An 18th Century St.Cloud Porcelain Beaker and Saucer c.1720 – 1740.
An 18th century French soft-paste porcelain `Trembleuse` beaker and saucer, St.Cloud factory c.1720-1740. Thickly potted with a lead glaze over a gadroon moulded form. Decorated with a Lambrequin design in Blue and White.
SOLD
- Condition
- Excellent, two minute frits to the rim of the beaker c.1 x 1mm
- Size
- Diameter of the Saucer : 13.4 cm
- Provenance
- N/A
- Stock number
- 24803
- References
- For a Similar 18th century Saint Cloud teabowl and Saucer See : French Porcelain, A Catalogue of the British Museum (Aileen Dawson, British Museum Press,1994) Page 24, Item 25.
Information
Lambrequin Designs on French Ceramics :
This design is in a style traditionally related to the great Baroque designer to the French court of Louis XIV, Jean Berain (1640-1711).
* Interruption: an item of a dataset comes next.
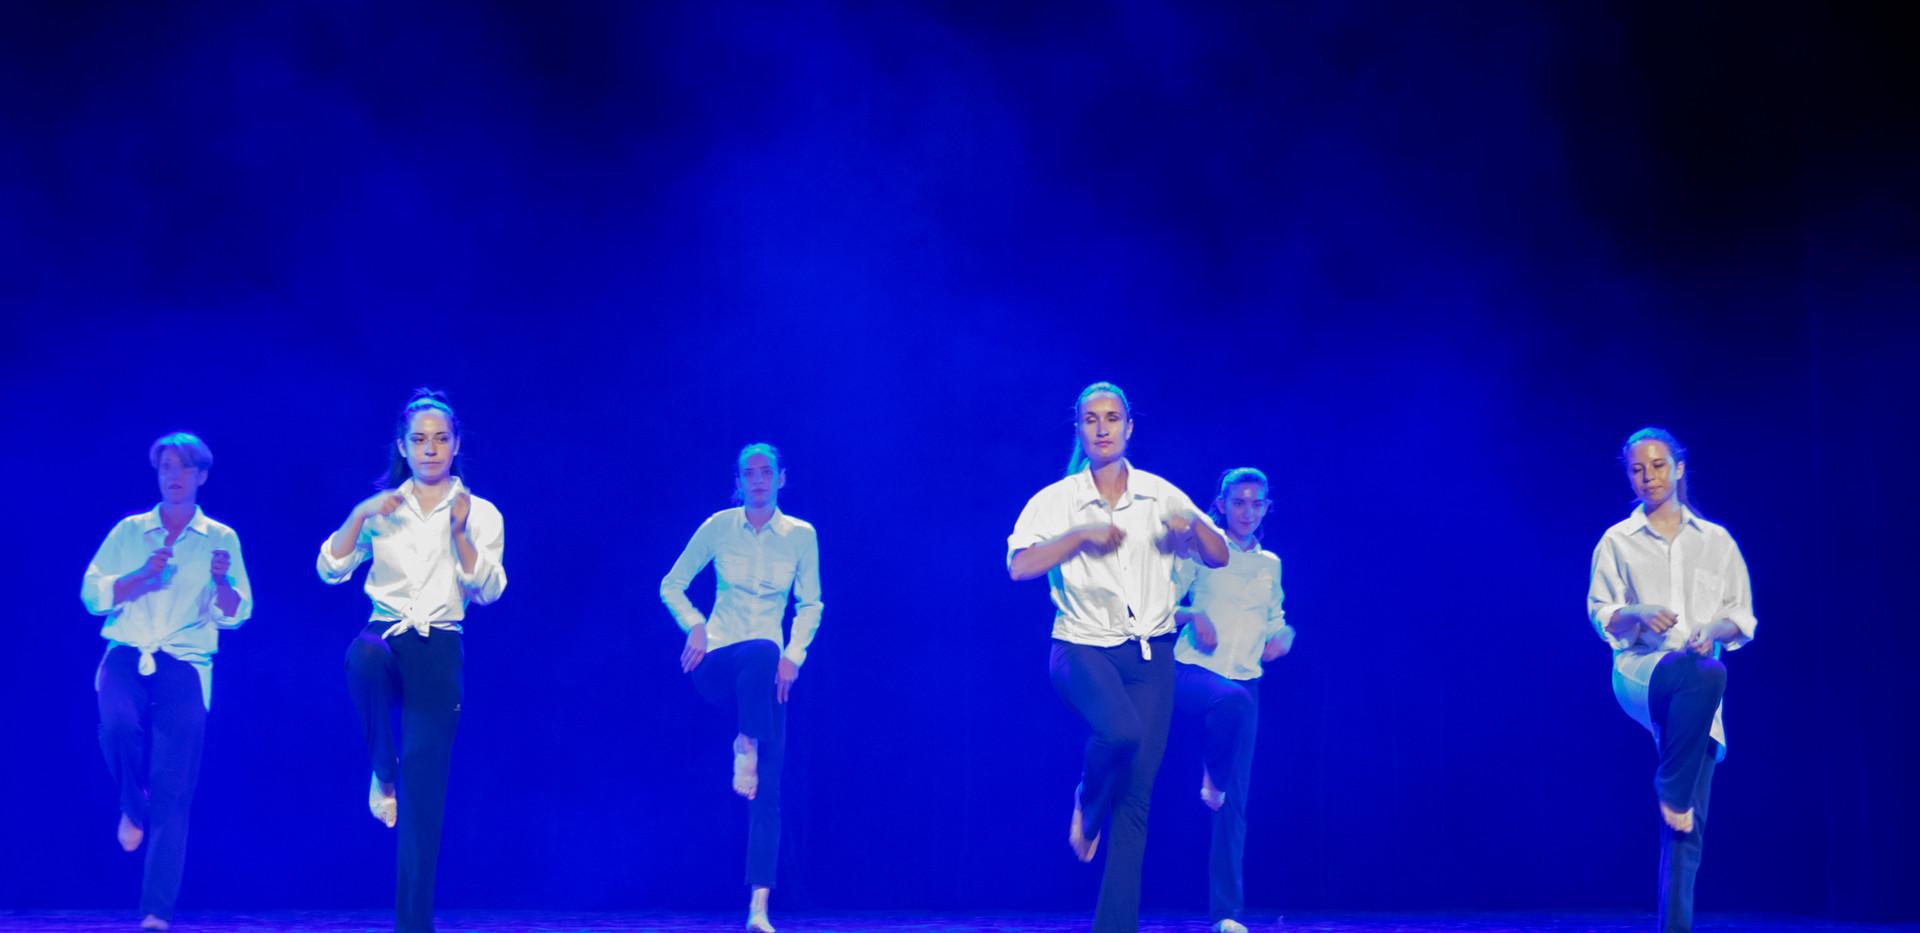 Gala_de_danse-84.jpg

Berain`s style of grotesques and strap-work were used on all types of decorative art from furniture to tapestries, silver ware and just about anything else. His stylistic language is based on a Renaissance understanding of a type of Roman design. However the designs one finds on St.Cloud porcelain are more linear and weightless, they are more in keeping with ornamental prints. Of the more complex designs, a few have been possible to identify from the original source material. They are not taken from Berain designs but from the etchings of a prolific architect Jacques Androuent Du Cereau, who early in his life spent time working in Italy (in the 1530`s). However it seems to me inconceivable that his designs would have been used in the early 18th century unless Berain and his grotesque style were so popular. Both are interpretations of Classical Roman design but from different generations.